Personal information: is information or an opinion, whether true or not and whether recorded in a material form or not, about an individual who is identified or reasonably identifiable.

The types of personal information we may collect about you include:

Personal information is any information or an opinion about an identified individual or an individual who can be reasonably identified from the information or opinion. Information or an opinion may be personal information regardless of whether it is true.

• Identity Data including your name, age, profession.
• Contact Data including your telephone number, address and email.
• Financial Data including bank account and payment card details (through our third party payment processor, who stores such information and we do not have access to that information).
• Transaction Data including details about payments to you from us and from you to us and other details of products and services you have purchased from us or we have purchased from you.
• Technical and Usage Data when you access any of our websites, platforms or emails, details about your internet protocol (IP) address, login data, browser session and geo-location data, statistics on page views and sessions, device and network information, acquisition sources, search queries and/or browsing behaviour, access and use of our website (including through the use of Internet cookies or tracking pixels), and communications with our website.
• Interaction Data including information you provide to us when you participate in any interactive features, including surveys, contests, promotions, activities or events.
• Marketing and Communications Data including your preferences in receiving marketing from us and our third parties and your communication preferences.
• Professional data including where you are a worker of ours or applying for a role with us, your professional history such as your previous positions and professional experience, or whether you hold required authorisations or licences.
• Sensitive information is a sub-set of personal information that is given a higher level of protection. Sensitive information means information relating to your racial or ethnic origin, political opinions, religion, trade union or other professional associations or memberships, philosophical beliefs, sexual orientation or practices, criminal records, health information or biometric information.

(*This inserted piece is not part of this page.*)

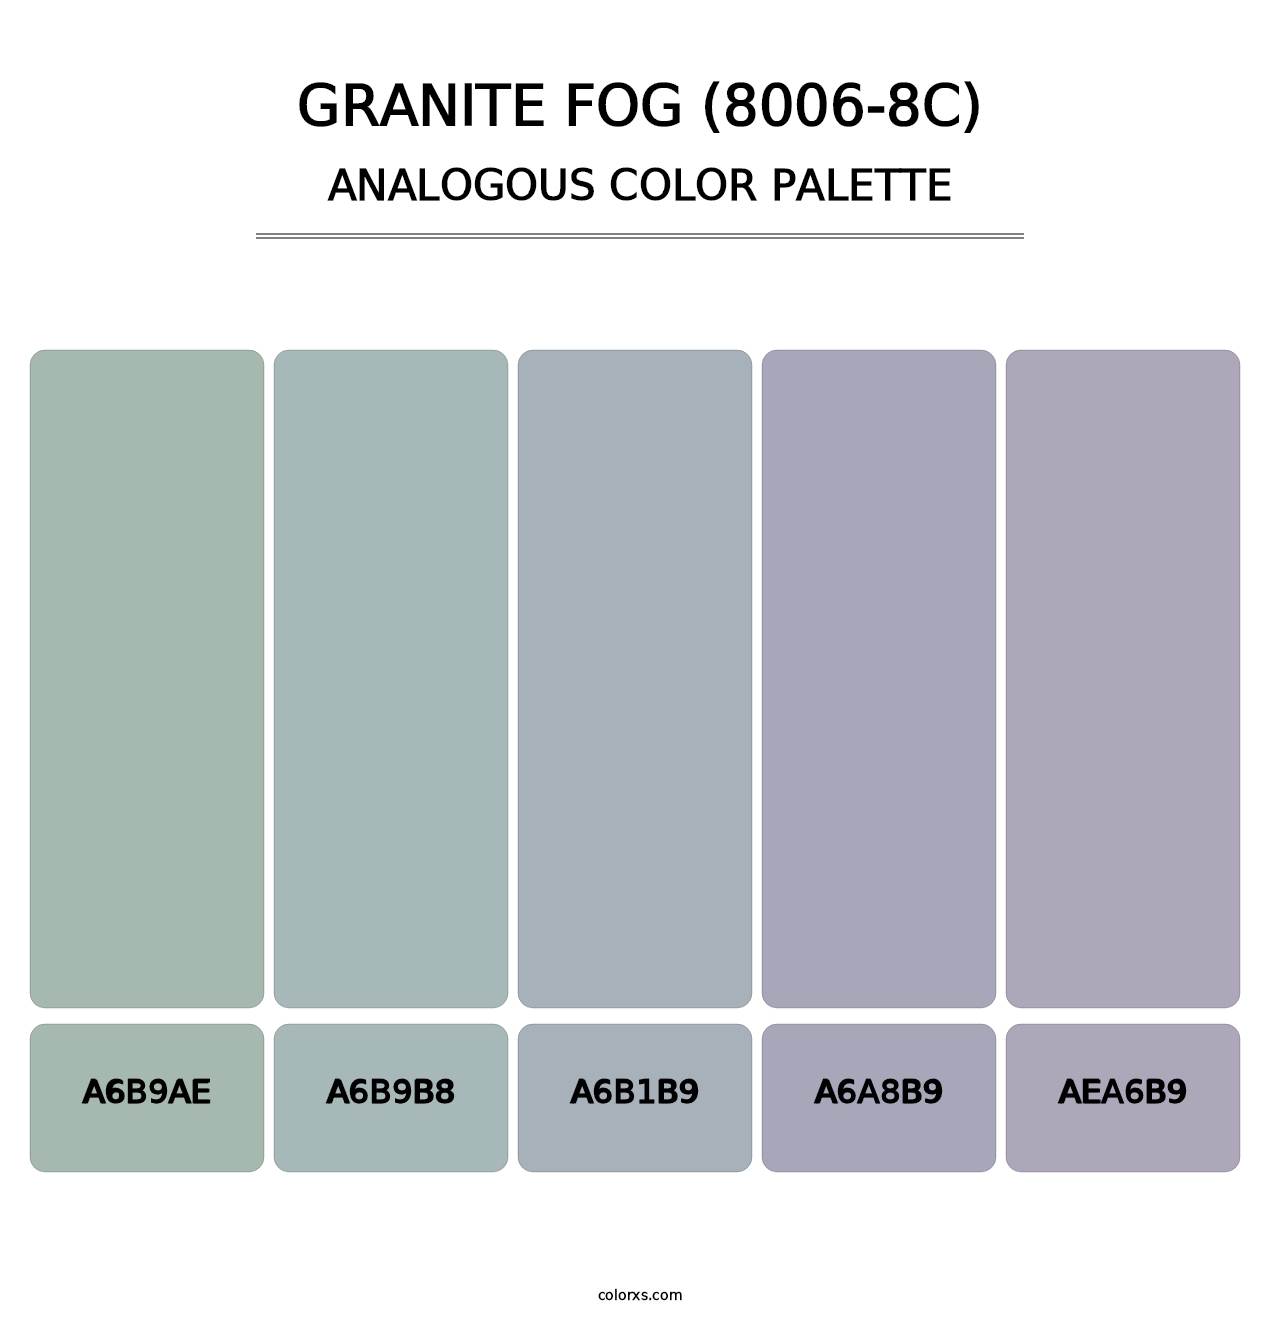 Granite Fog (8006-8C) - Analogous Color Palette

We do not actively request sensitive information about you. If at any time we need to collect sensitive information about you, unless otherwise permitted by law, we will first obtain your consent and we will only use it as required or authorised by law.

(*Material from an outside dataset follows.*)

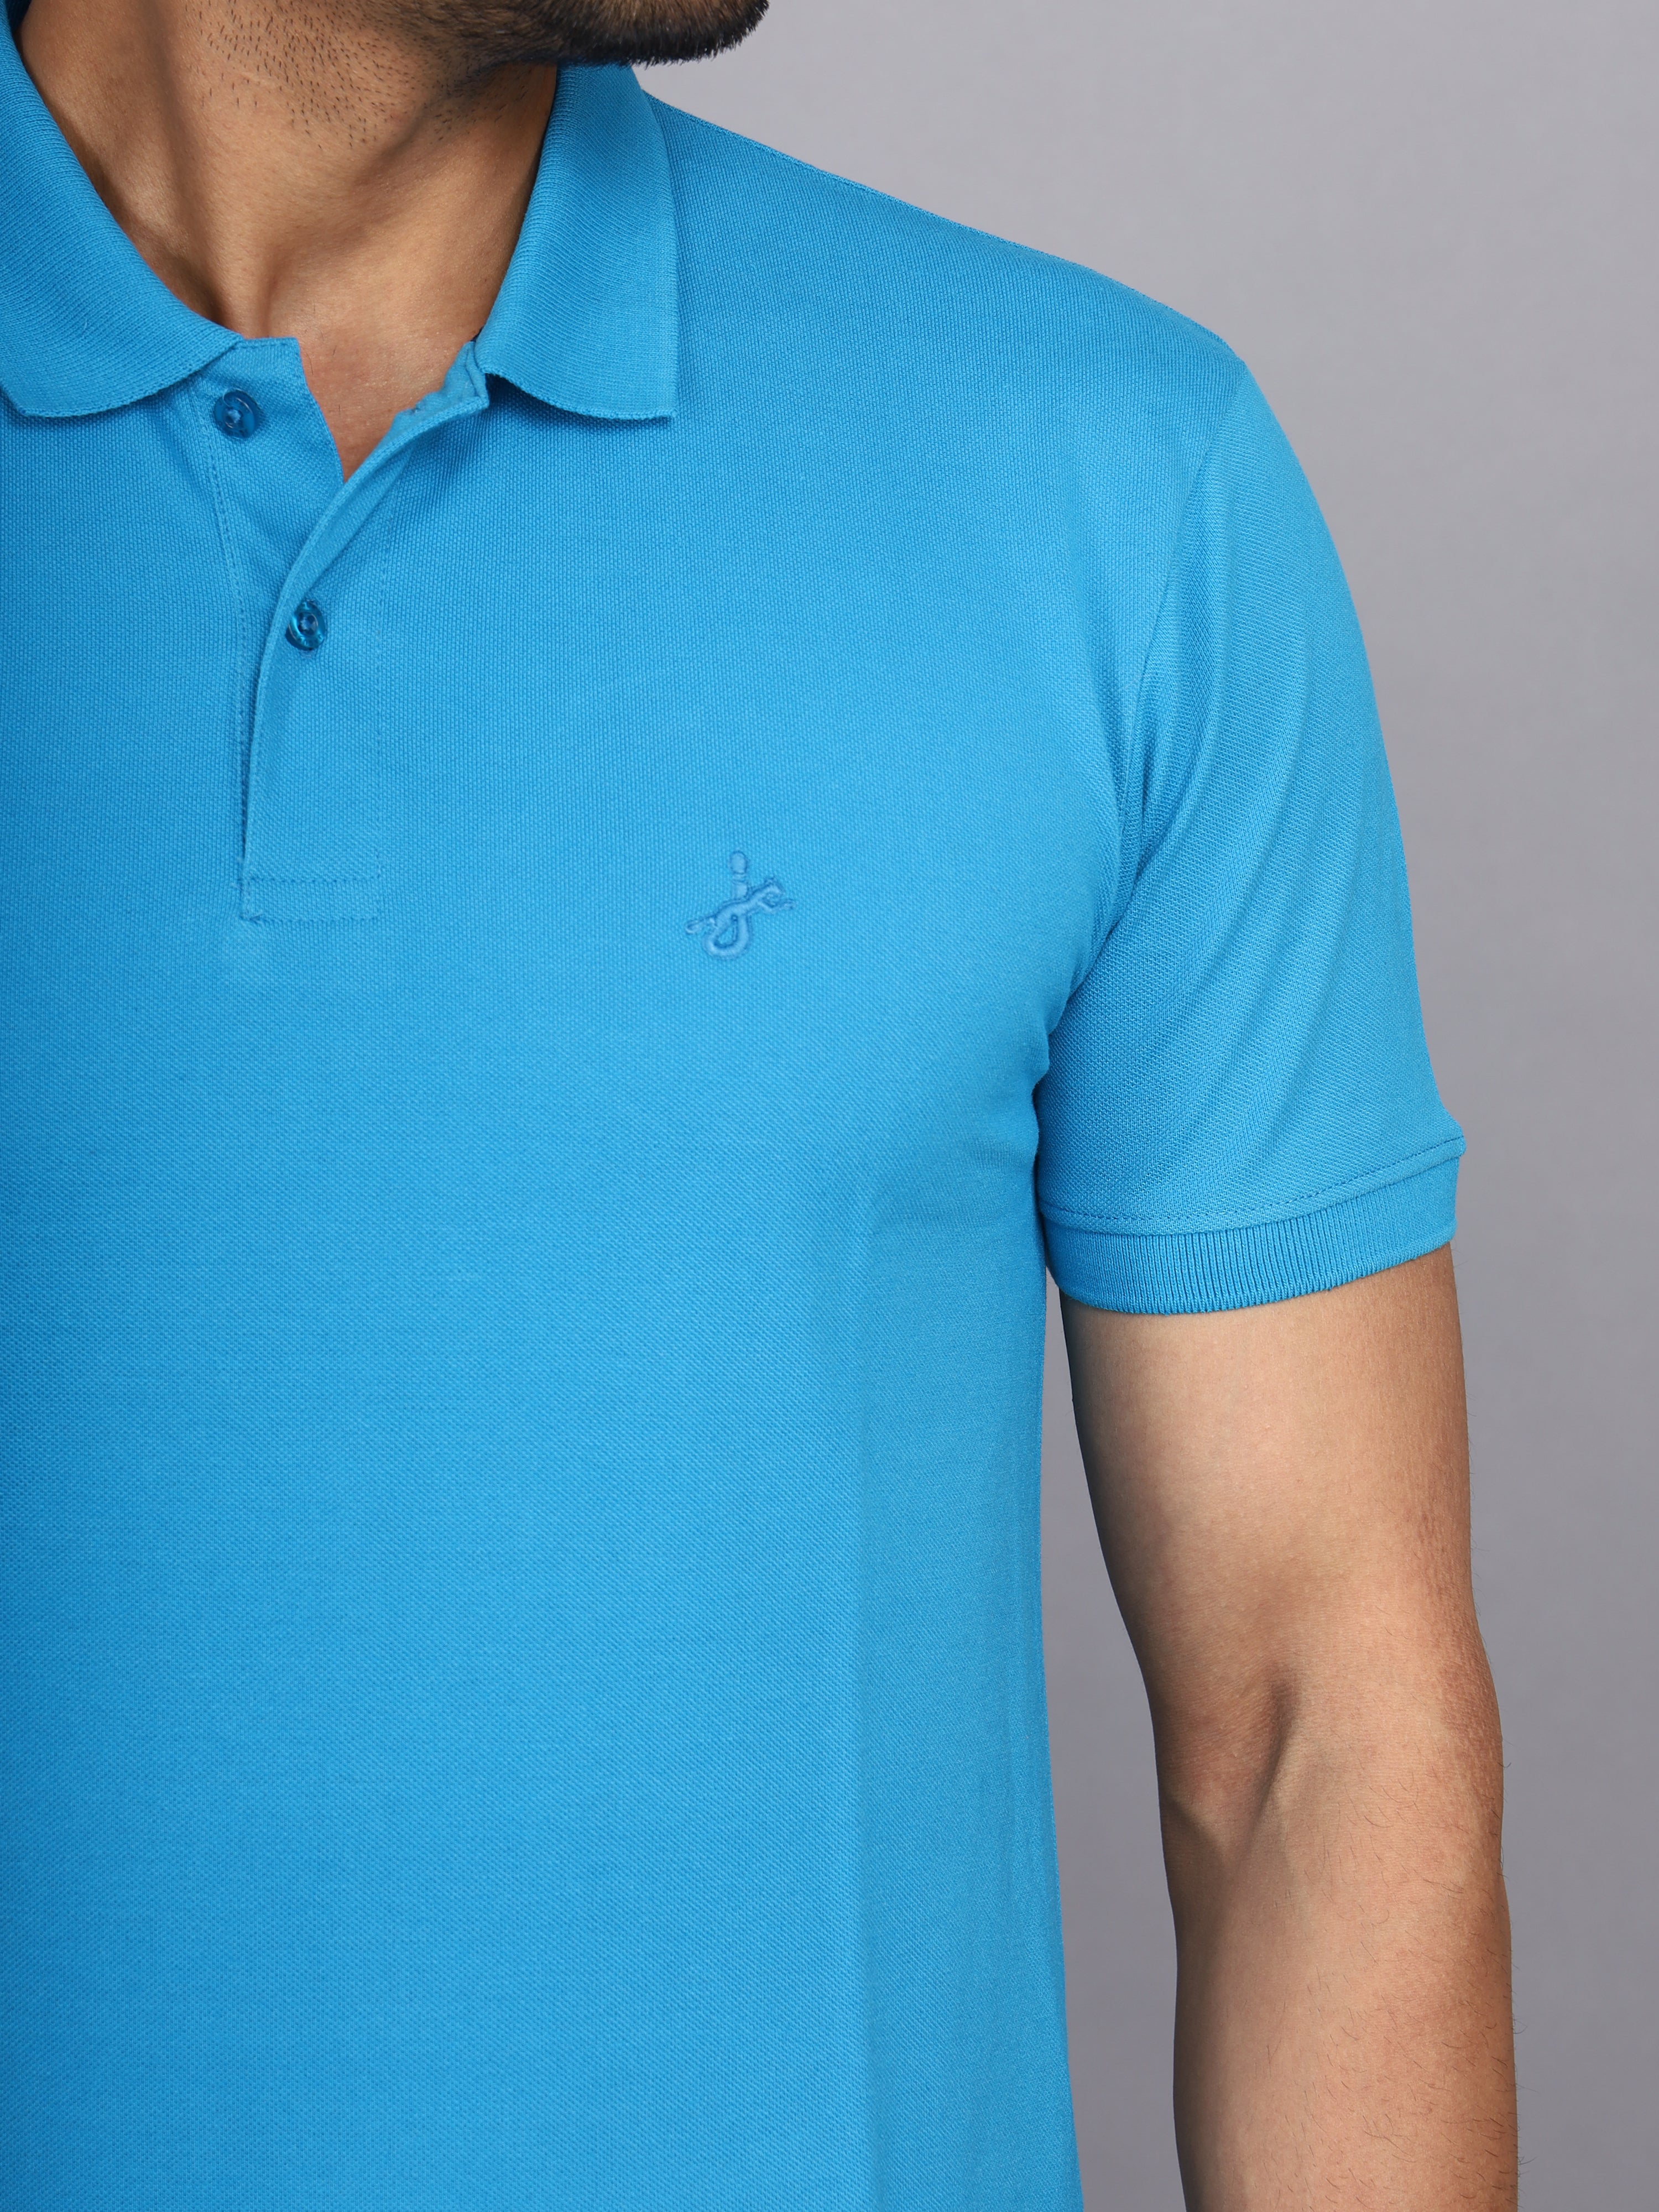 Jaguro Men's Polo T-shirt Turquoise

We collect personal information in a variety of ways, including:

• when you provide it directly to us, including face-to-face, over the phone, over email, or online;
• when you complete a form, such as registering for any events or newsletters, or responding to surveys;
• when you use any website we operate (including from any analytics and cookie providers or marketing providers. See the “Cookies” section below for more detail on the use of cookies);
• from third parties;
• from publicly available sources.

We have set out below, in a table format, a description of the purposes for which we plan to collect, hold, use and disclose your personal information

Personal information: We may disclose personal information to:

• our employees, contractors and/or related entities;
• IT service providers, data storage, web-hosting and server providers;
• marketing or advertising providers;
• professional advisors, bankers, auditors, our insurers and insurance brokers;
• payment systems operators or processors;
• our existing or potential agents or business partners;
• if we merge with, or are acquired by, another company, or sell all or a portion of our assets, your personal information may be disclosed to our advisers and any prospective purchaser’s advisers and may be among the assets transferred;
• courts, tribunals and regulatory authorities, in the event you fail to pay for goods or services we have provided to you;
• courts, tribunals, regulatory authorities and law enforcement officers, as required or authorised by law, in connection with any actual or prospective legal proceedings, or in order to establish, exercise or defend our legal rights;
• third parties to collect and process data, such as analytics providers and cookies; and
• any other third parties as required or permitted by law, such as where we receive a subpoena.

Australian Residents

Where we disclose your personal information to third parties, those third parties may also store, transfer or access personal information outside of Australia.. We will only disclose your personal information overseas in accordance with the Australian Privacy Principles.

New Zealand Residents

Where we disclose your personal information to third parties, those third parties may store, transfer or access personal information outside of New Zealand, which may not have an equivalent level of data protection laws as those in New Zealand. Before disclosing any personal information to an overseas recipient, we will comply with Information Privacy Principle 12 and only disclose the information if:

• you have authorised the disclosure after we expressly informed you that the overseas recipient may not be required to protect the personal information in a way that, overall, provides comparable safeguards to those in the Privacy Act 2020;
• we believe the overseas recipient is subject to the Privacy Act 2020;
• we believe that the overseas recipient is subject to privacy laws that, overall, provide comparable safeguards to those in the Privacy Act 2020;
• we believe that the overseas recipient is a participant in a prescribed binding scheme;
• we believe that the overseas recipient is subject to privacy laws in a prescribed country; or
• we otherwise believe that the overseas recipient is required to protect your personal information in a way that, overall, provides comparable safeguards to those in the Privacy Act 2020 (for example pursuant to a data transfer agreement entered into between us and the overseas recipient).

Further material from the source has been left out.